At night when I hit the bed I wonder how little we actually manage to do. It took me two weeks to have my hair cut. This is with me not working, And Freya’s dad being off for a week. When I think of how much we medical stuff and baby stuff we do and feel pleased of every achievement. Like they say – slowly slowly catch a monkey. We might actually be unpacked by Christmas at this rate. But we are getting there.
You can’t drop the ball. There are no leisurely lie ins together – when the carer leaves at 8 one of us needs to be up, rain or shine. Freya can’t make any noises over her trachy, and although we have a saturations monitor that beeps if her oxygen levels or heart rate drops she can’t really be left unattended. Obviously needs must, so we would be fine to have a loo break or pop to another room, but we wouldn’t ever be out of earshot for more than a minute. So some everyday tasks like taking out the bins or showering can only be done when both of us are at home.
Freya’s under nine medical teams in three different hospitals. She’s got OT, PT, SALT and dietician – both at hospital and in the community.
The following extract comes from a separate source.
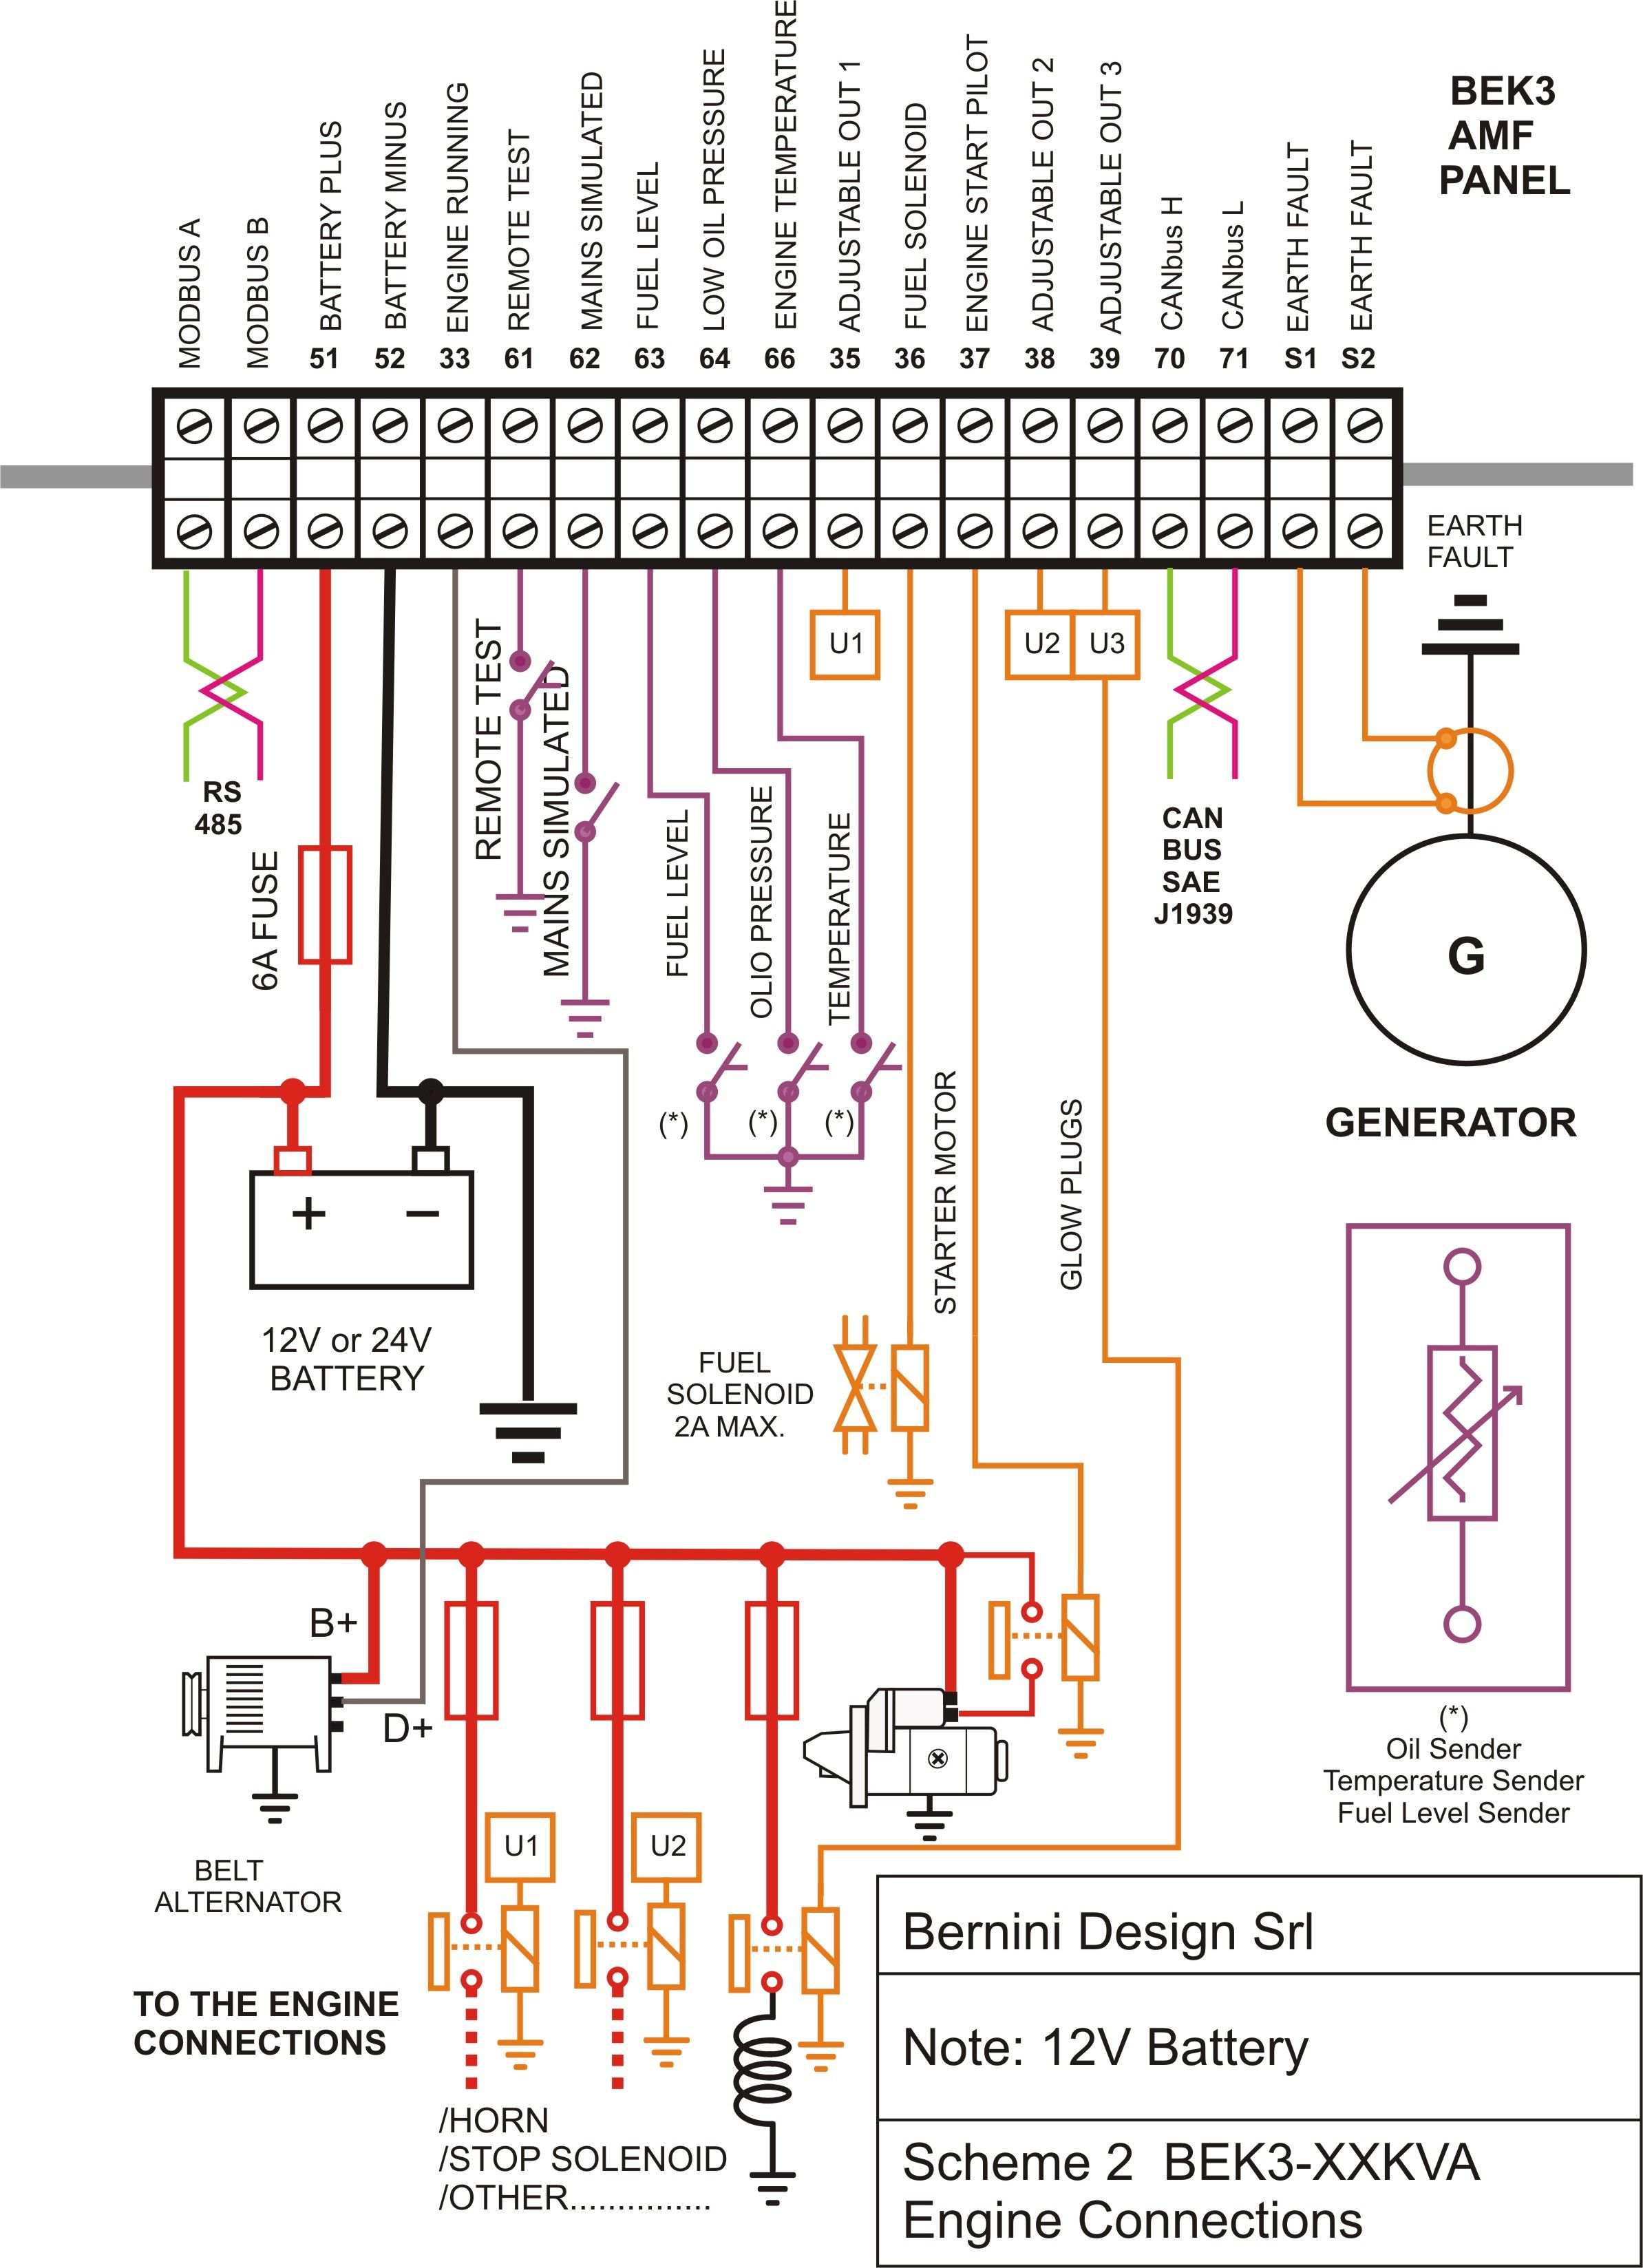 Diesel Generator Control Panel Wiring Diagram Engine Connections - Electrical Panel Wiring Diagram

So we have a LOT of appointments. We get deliveries from oxygen supplier, medical equipment company, medical feeding supply company and have variety of items and medications we need to get through our GP. We need to constantly know what we have and how much – you can’t run out without an order been placed ages ago, or risk having to spend hours of chasing up spare equipment from the community teams or heading down to central London to loot a hospital.
Besides all this “admin-type” stuff the fact remains that Freya keeps us on our toes – we have had dramatic deteriorations where we have had to call 999 and fight to keep our little princess alive. You can prepare – we have a hospital bag and a hospital folder we all key information and contacts already packed up and ready to go – but you never get used to it. You truly never feel as helpless as when you have a child losing the fight in front of your eyes and you have to trust strangers to be able to save her. You can never really be sure of what the day will bring. Last time we had to go to the hospital from home a completely ordinary Tuesday morning turned into a dramatic race to get to intensive care in time – and we ended up spending 5 months on that one trip.
It’s scary but it’s worth it. We’ve had long spells in hospital since Freya was born and we have had many homecomings – some more successful than others. The return may be much waited and desired – but it also is scary; how about if things go wrong (again)? Will we be as lucky? How about if Freya’s general condition deteriorates? How will we manage?
One thing I have learned is that you can’t be afraid of your own life. The cards you have been dealt with may not be the ones you expected to have. The challenges you face may feel momentous compared to the obstacles you have dealt with in the past, but you can’t live in a prison of your own fears. People often think that parents who are dealing with a serious ill child are a crumbling mess, crying in corner, inconsolable. Yes, we are, sometimes, but most of the time we aren’t. Breaking down is a luxury many of us cannot afford – we just need to keep going for the sake of our children, our partners, our families. For the sake of ourselves. We get up, we live. We fight harder than we ever imagined we could, and we preserve. We have one goal – to make sure that our little people have the best of everything – and we don’t care whose toes we step on to get it.
And we love with an intensity of knowing there might not be tomorrow. More I get to know Freya more I suspect that in 50 years’ time she will be wheeling me into an old people’s home tired of my endless stories about hospitals, snot and how I spent her first years on warpath getting her the best of the best. But I know things may turn out differently. So we try to enjoy our days as they come, rain or shine, home or hospital. After all, life is what you make of it.